Chemical dispersants may affect natural communities of oil-degrading bacteria after spills

A NASA satellite image shows the spread of oil in the Gulf of Mexico after the 2010 Deepwater Horizon disaster.

Lab tests show nuanced response to application of oil dispersant chemicals

Staff Report

Lab tests suggest that more thought must be given to how dispersant chemicals are used during and after an oil spill. In some cases, the combination of dispersants and oil may actually inhibit microorganisms that can break down hydrocarbons, according to marine scientists.

“These compelling results show the naturally occurring communities of oil-degrading microorganisms, especially Marinobacter, are quite proficient at degrading oil and that oil biodegradation was more efficient in the absence of chemical dispersants,” said University of Georgia professor Samantha Joye, who has been intensively studying the effects of the Deepwater Horizon Spill for the past several years.

The study, published in the Proceedings of the National Academy of Sciences, simulated oil concentrations and dispersants concentrations observed during the Deepwater Horizon disaster.

The researchers found that the presence of dispersants significantly altered the microbial composition of Gulf deep water by promoting the growth of Colwellia, a group of microorganisms capable of dispersant degradation. However, when oil alone was added to parallel samples in the absence of chemical dispersants, the growth of natural hydrocarbon-degrading Marinobacter was stimulated.

“During the spill, Marinobacter were not abundant in deep-water plume samples, possibly as a consequence of dispersant applications,” said study co-author Sara Kleindienst, with the University of Tübingen, Germany. “Whether natural hydrocarbon degraders were outcompeted by dispersant degraders or whether they were directly affected by dispersant-derived compounds needs to be resolved in future studies.”

Chemical dispersants were applied in an unprecedented volume to the sea surface and deep waters of the Gulf of Mexico after the 2010 spill. As a “first line of defense,” 7 million liters (about 1.8 million gallons) of chemical dispersants were applied to increase the use and breakdown of oil compounds by microorganisms.

The uncontrolled oil well blowout released more than 750 million liters of oil into the Gulf.

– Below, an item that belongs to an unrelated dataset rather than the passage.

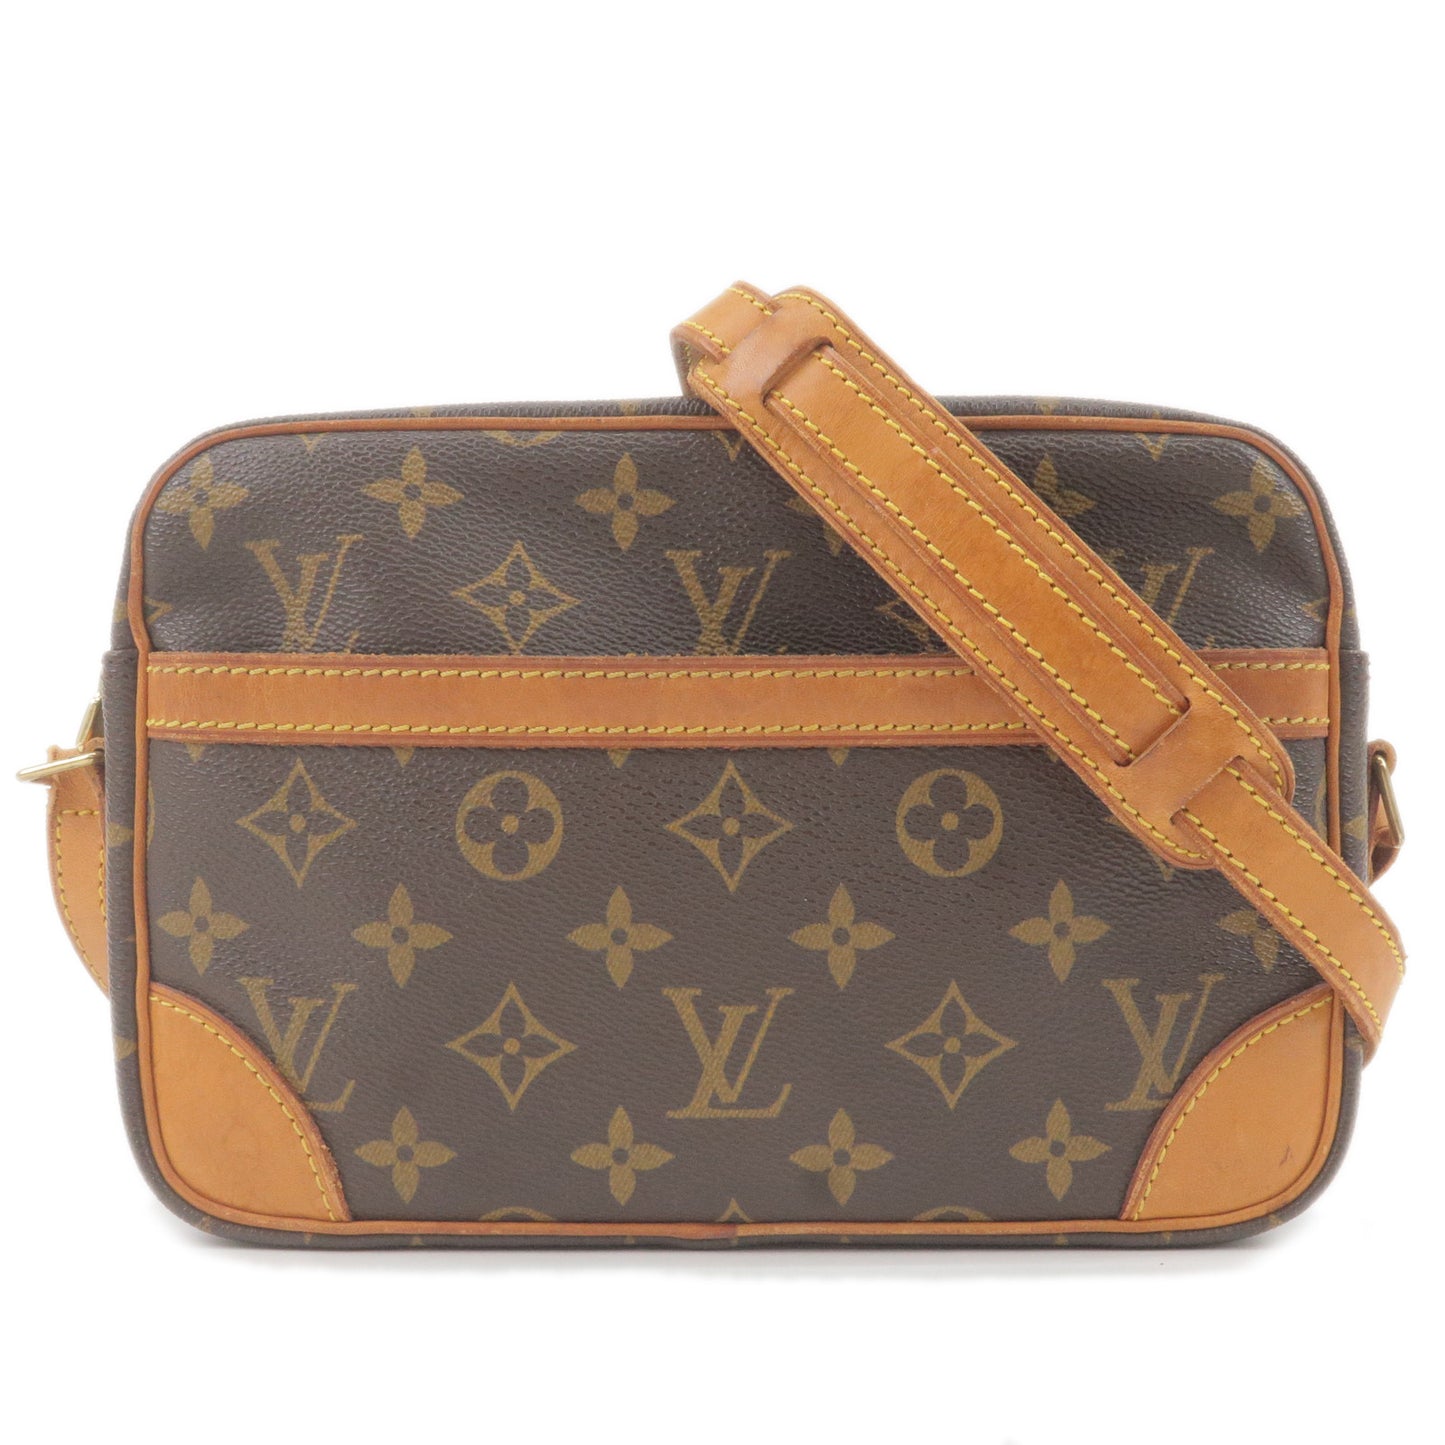 Instagram : The Trocadero Messenger bag from Louis Vuitton is

“Our results showed preferential degradation and enrichment of distinct organic compounds when dispersant is used to chemically break up oil,” said study co-author Patricia Medeiros, an assistant professor of marine sciences at UGA. “In the future, it will be important to further study these compounds and possibly include them when tracking the fate of oil-dispersant mixtures in the environment.”

The study addresses fundamental questions about the use of chemical dispersants and how they affect both the oil discharge from accidents and the indigenous microbial community. This comprehensive data set, including direct measurements of oil biodegradation rates, raises concerns about whether chemical dispersants stimulate microbial oil degradation in the ocean.

“The fact that dispersants drove distinct microbial community shifts that impacted oil degradation efficiently came as a big surprise,” Joye said. “It is critical to quantify the factors that influence the efficiency of oil biodegradation in the environment, and that includes dispersants.”

This research was supported by the Ecosystem Impact of Oil and Gas Inputs to the Gulf (ECOGIG) research consortium, which is funded by the Gulf of Mexico Research Initiative.